Cars are getting lighter and more fuel-efficient all the time. But many automakers, in an attempt to cull excess weight, have chosen to drop spare tires. If you've ever gotten a flat, you're aware they come in handy.
According to research released Wednesday by AAA, 28% of 2017 model year vehicles don't come with a spare tire as standard equipment. AAA assisted 450,000 members in 2016 who got a flat but didn't have a spare tire. So ask yourself: Where is my spare tire? If, like me, right now, you cannot answer that question, check your car.
Why you want a spare
A spare tire may weigh extra, but it can also keep you from spending extra. If your car didn't come with one, you can buy a spare tire for less than $200, an expense you'll only have to pay once. Without one, you'll have to rely on roadside assistance or a tow truck driver any time you get a flat. This will add up in money and time spent sitting on the side of the road, and your auto insurance may not cover it. (Check out our answers to some common auto insurance questions
Lots of newer vehicles come with tire pressure monitoring systems that let you know when you're at risk of a flat. But tire-related problems are still among the top reasons why AAA members need assistance, the organization said.

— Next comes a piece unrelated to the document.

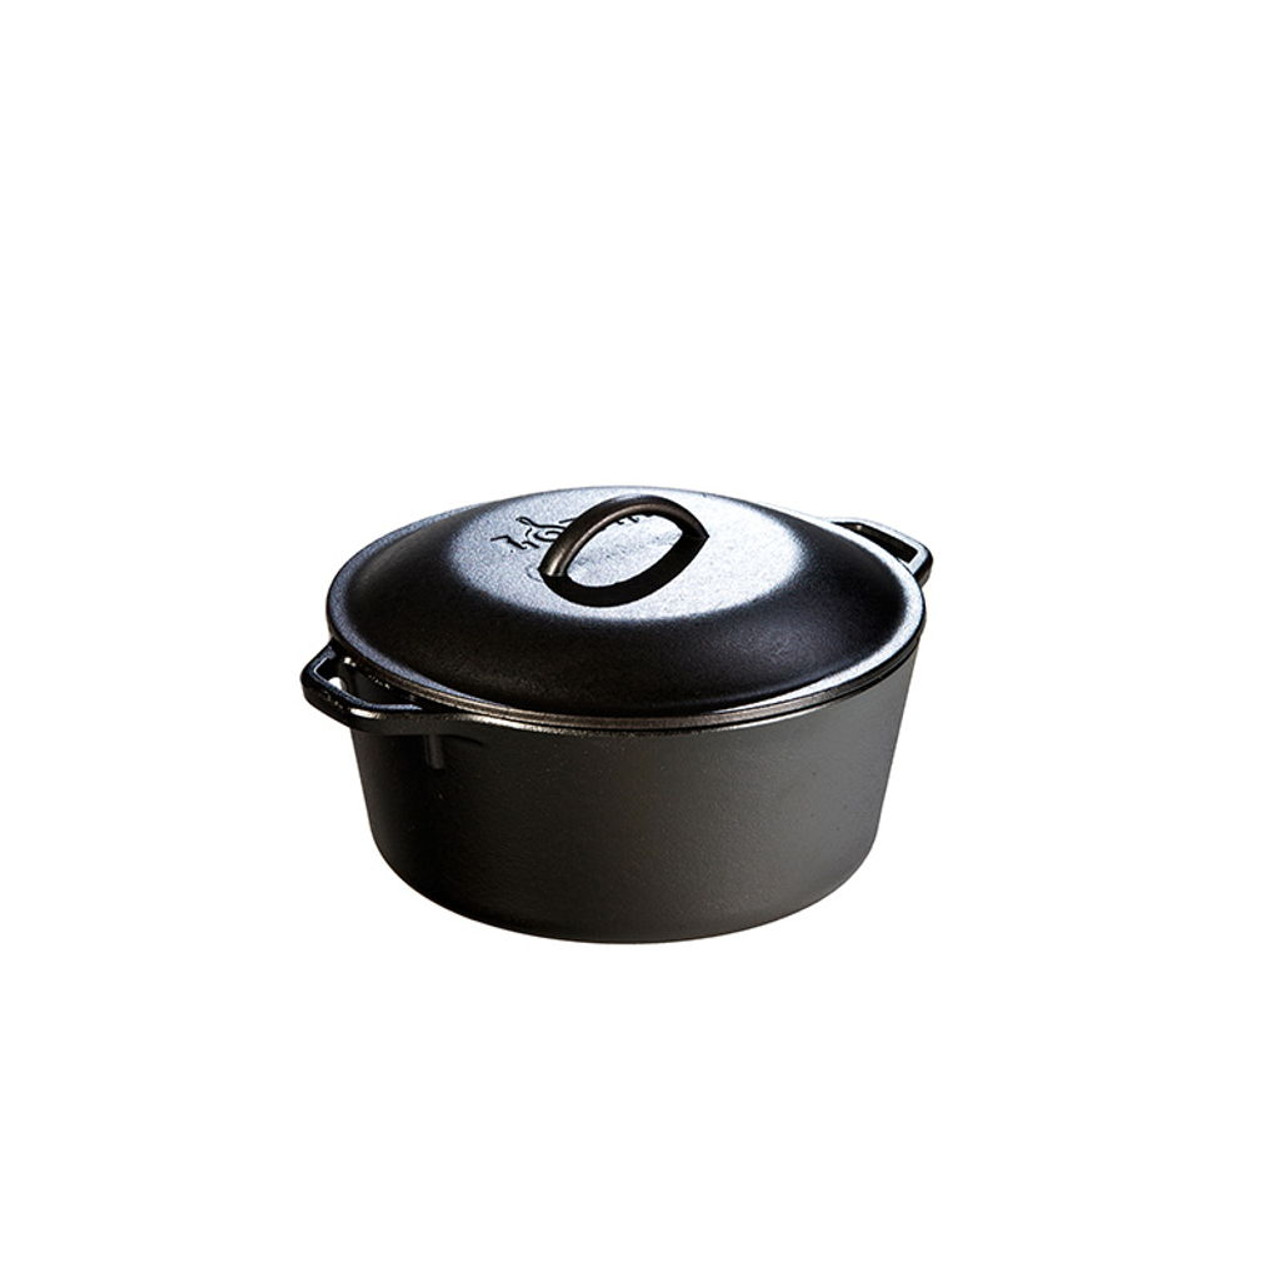 World Cuisine Cast Iron Rectangular Dutch Oven 5 Black A17535b

On top of this, almost 30%, or 39 million U.S. drivers don't know how to change a flat tire. You should know how to change a tire. Learn right now. Seriously. Take five minutes and add a new skill:
How to avoid a flat
Instead of spare tires, a lot of automakers are including tire-inflator kits that can repair flat tires. However, these kits can't fix a lot of tire-related problems, including damage to the sidewall or totally blown out tires.
Here are some of AAA's tips for avoiding a flat:
Inspect all five tires. Check tire pressures monthly and have all tires inspected as part of routine maintenance. If your vehicle has a spare tire, be sure that it’s properly inflated.
Read ahead. If your vehicle is equipped with a tire-inflator kit, read the owner’s manual and understand how it works and its limitations.
Check expiration dates. If your vehicle is equipped with a tire-inflator kit, check its expiration date. Most need to be replaced every four to eight years.
Seriously though, learn to change a tire.